JavaScript Localisation in WordPress

Recently on Twitter @iamcracks asked

Attention WordPress Wizards & Gurus. Is it possible to “get WordPress to write a custom field into a javascript variable”?

source

While I wouldn’t be so bold as to claim I’m either a wizard or a guru, I happen to know the answer to @iamcracks question.

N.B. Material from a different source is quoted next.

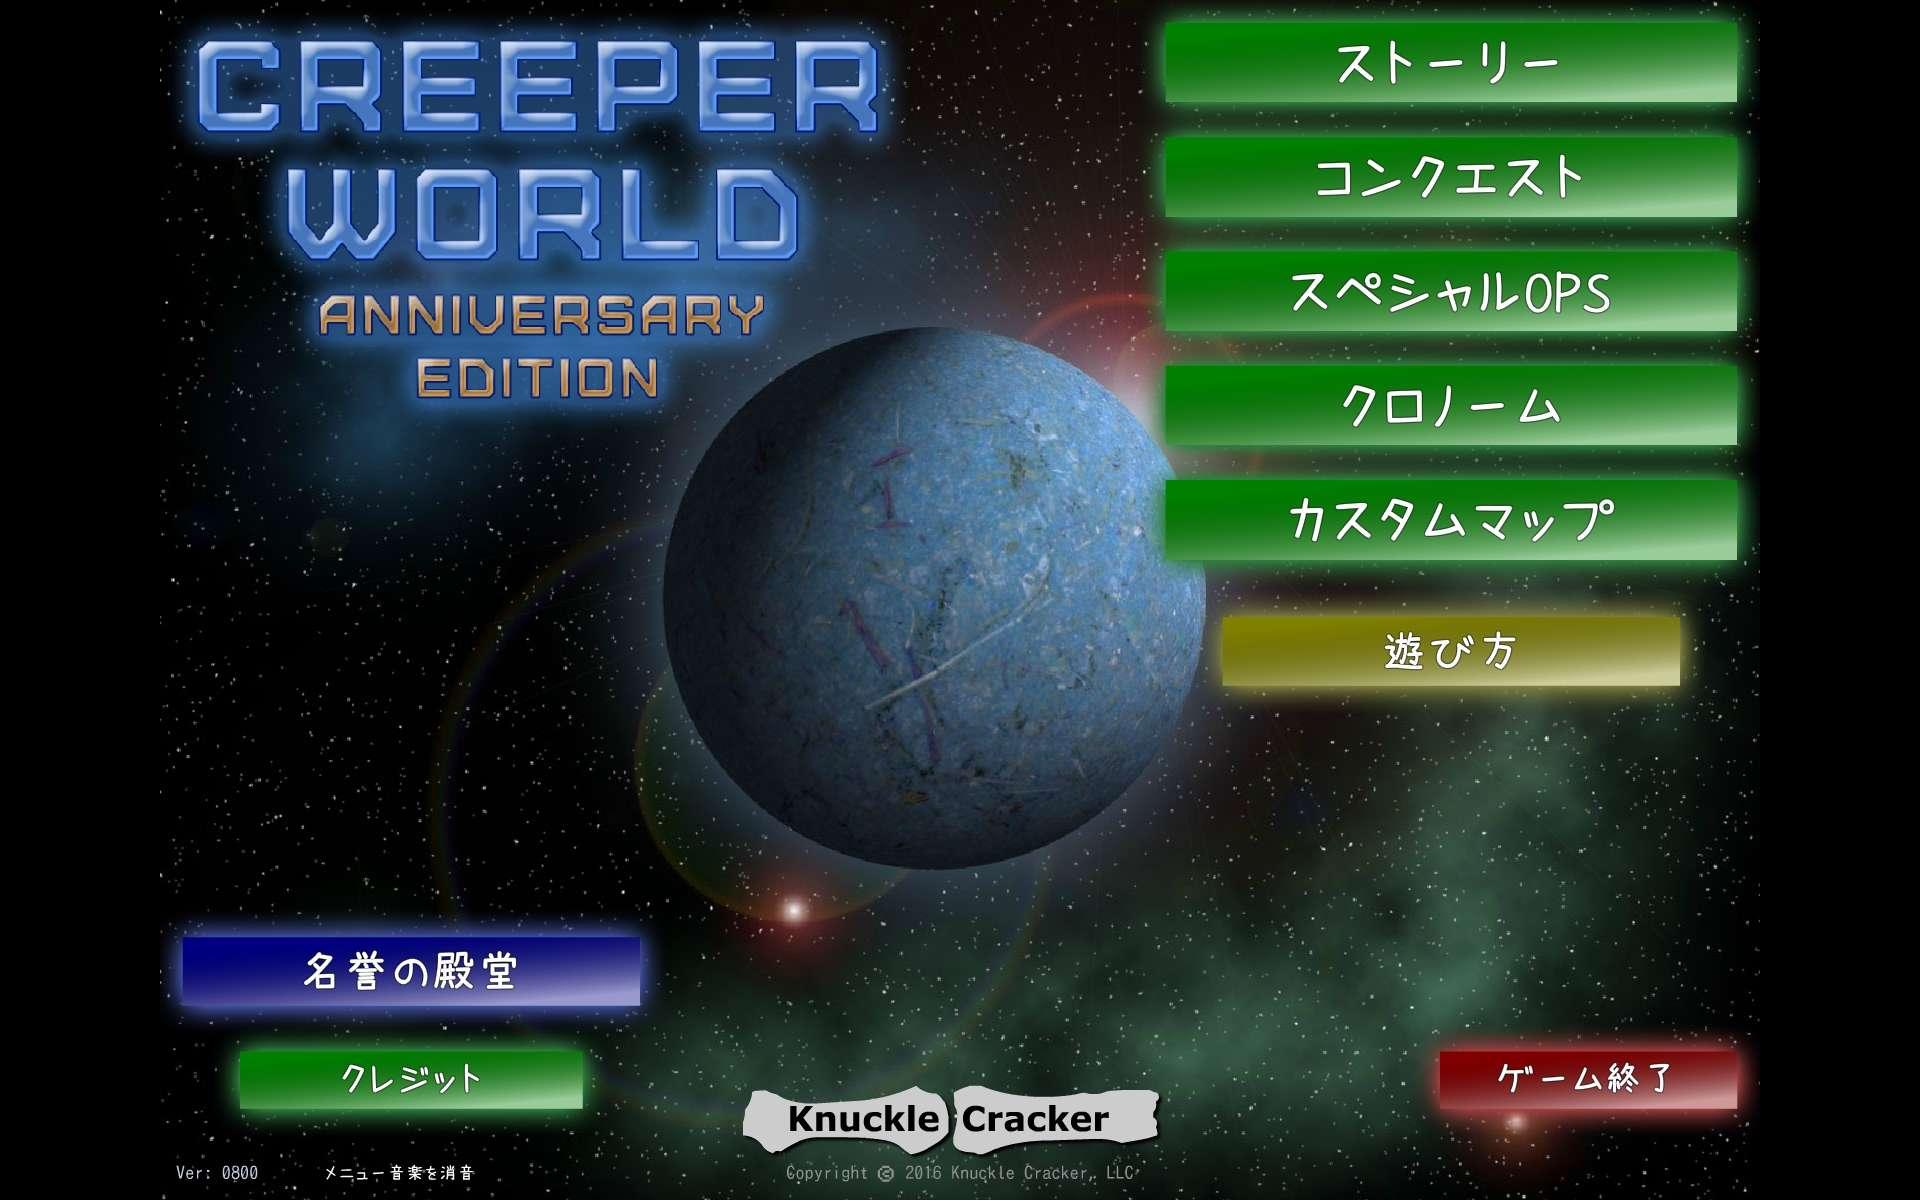 PC ゲーム Creeper World: Anniversary Edition 日本語化と JPEXS Free Flash Decompiler を使ったファイル解析メモ、PC ゲーム Creeper World: Anniversary Edition 日本語化情報、Creeper World: Anniversary Edition 日本語フォント変更方法、なつめもじフォント変更後のスクリーンショット

A while back I wrote a two part tutorial on using JavaScript the WordPress way, the code below builds on that. The first step is to load the JavaScript in functions.php using wp_enqueue_script() as detailed in the earlier tutorial:

<?php
function brt_load_scripts() {
  if (!is_admin()) {
    wp_enqueue_script(
      'brt-sample-script', //handle
      '/path/2/script.js', //source
      null, //no dependancies
      '1.0.1', //version
      true //load in html footer
    );
  }
}

add_action('wp_print_scripts', 'brt_load_scripts');
?>

This outputs the html required for the JavaScript when wp_footer() is called in footer.php

Localising the script is done using the function wp_localize_script() it takes three variables:

  • $handle – (string) the handle defined when registering the script with wp_enqueue_script
  • $javascriptObject – (string) name of the JavaScript object that contains the passed variables.
  • $variables – (array) the variables to be passed

To pass the site’s home page and the theme directory, we’d add this function call below the wp_enqueue_script call above:

<?php
...
wp_localize_script('brt-sample-script', 'brtSampleVars', array(
  'url' => get_bloginfo('url'),
  'theme_dir' => get_bloginfo('stylesheet_directory')
  )
);
...
?>

The output html would be:

<script type='text/javascript'>
/* <![CDATA[ */
var brtSampleVars = {
  url: "http://bigredtin.com",
  theme_dir: "http://bigredtin.com/wp-content/themes/bigredtin"
};
/* ]]> */
</script>
<script type='text/javascript' src='/path/2/script.js?ver=1.0.1'></script>

Accessing the variables within JavaScript is done using the standard dot notation, for example brtSampleVars.theme_dir to access the theme directory.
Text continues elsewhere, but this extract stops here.